“I don’t know nothin’ about th’ workin’ o’ your mind, Mr. Beebe,” said Mrs. Brown, “I said gaiters as plain as day—and do hurry!” She whipped the ends of her shawl impatiently around her gaunt figure.

“I d’no’s I have any gaiters—that is—that’ll fit you,” said the little shoemaker, putting the “number sixes” into their box, and slowly fitting on the cover. “P’raps I have a pair on the lower shelf.” He got down laboriously from the ladder, put it in the corner and began to rummage his stock.

“An’ there’s my bread waitin’ to go in th’ oven, an’ I’ve got cake to bake for the sewin’ s’ciety,—do hurry, Mr. Beebe.”

“I s’pose they’ve got to have rubber sides,” mused Mr. Beebe, getting down on his knees, to explore behind the chintz curtains that fell from the lowest shelf.
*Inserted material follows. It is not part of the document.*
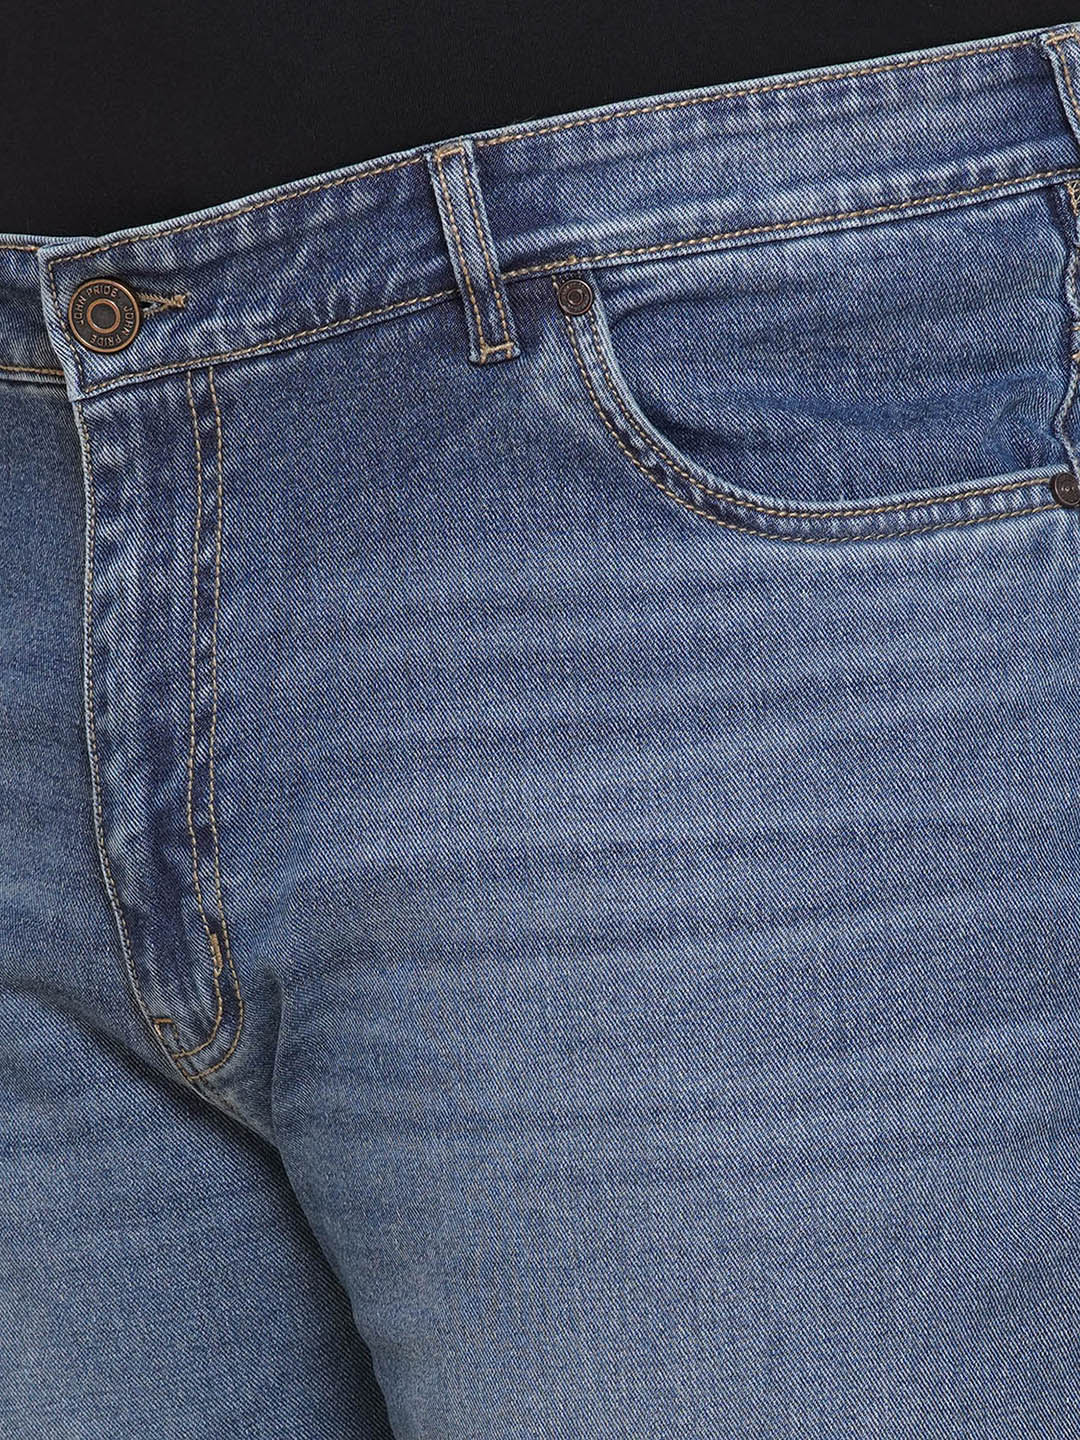 bottomwear/jeans/JPJ270125/jpj270125-2.jpg
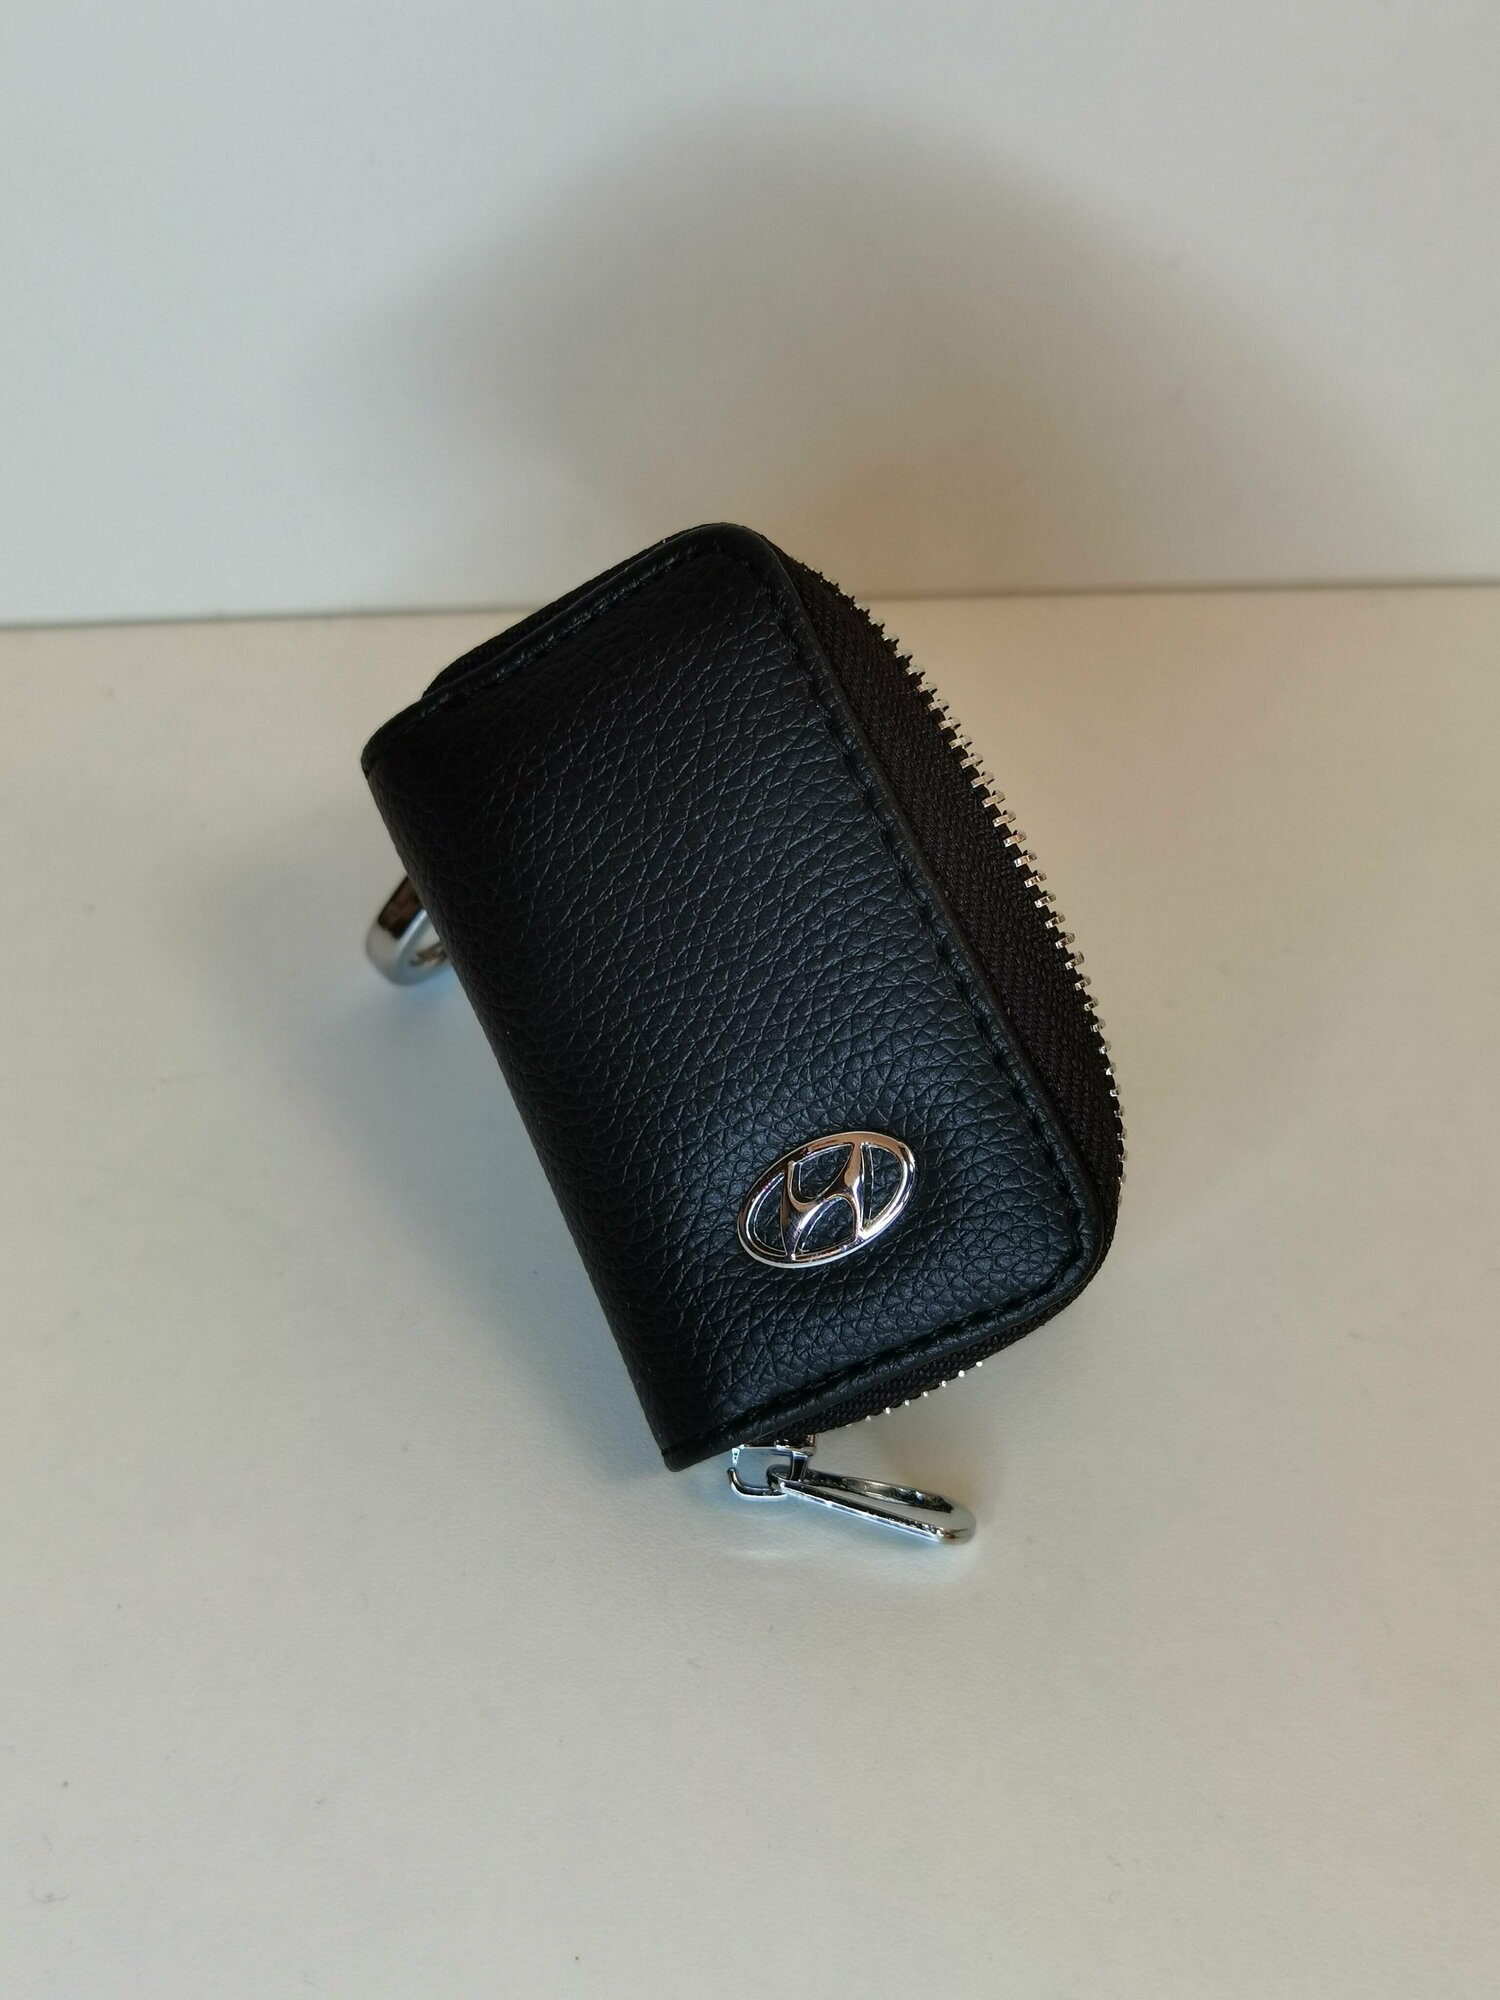 Кожаный чехол-брелок для ключей автомобилей Hyundai Ключница Совместим с моделями автомобилей Hyundai: Elantra Sonata Tucson и другими

“Why, of course,” said Mrs. Brown, impatiently, “gaiters is gaiters, ain’t they? An’ I never saw a pair without them rubber sides to ’em, did you, Mr. Beebe?”

“I d’no’s I did,” said the little shoemaker, his head under the curtain. “Well, now here’s a pair, I do believe,” and he dragged out a box, whipped off the cover and disclosed a pair with elastic sides. “Them’s Congress gaiters,” he said, “an’ they look as if they’d fit like your skin.”

“I’m sure I hope so,” said Mrs. Brown, putting out her generous foot. “An’ do hurry an’ try ’em on, for mercy’s sakes!”

“I’m hurryin’ as fast as I can,” said Mr. Beebe, coming over to the bench where the customers always sat for the shoes to be tried on, “but you’ve upset me so about that bad news. Sho’ now!—to think that anythin’ should happen to the little brown house folks.”

“What’s that—what’s that, Pa?” Mrs. Beebe’s head appeared in the doorway between the little shop and the sitting-room. She had been frying doughnuts and she carried one in now on a blue plate, as she always did while they were nice and hot. “What’s th’ matter with th’ little brown house folks? Oh, how do you do, Mis Brown?”

Mrs. Brown’s nose wrinkled up appreciatively at sight of the doughnut.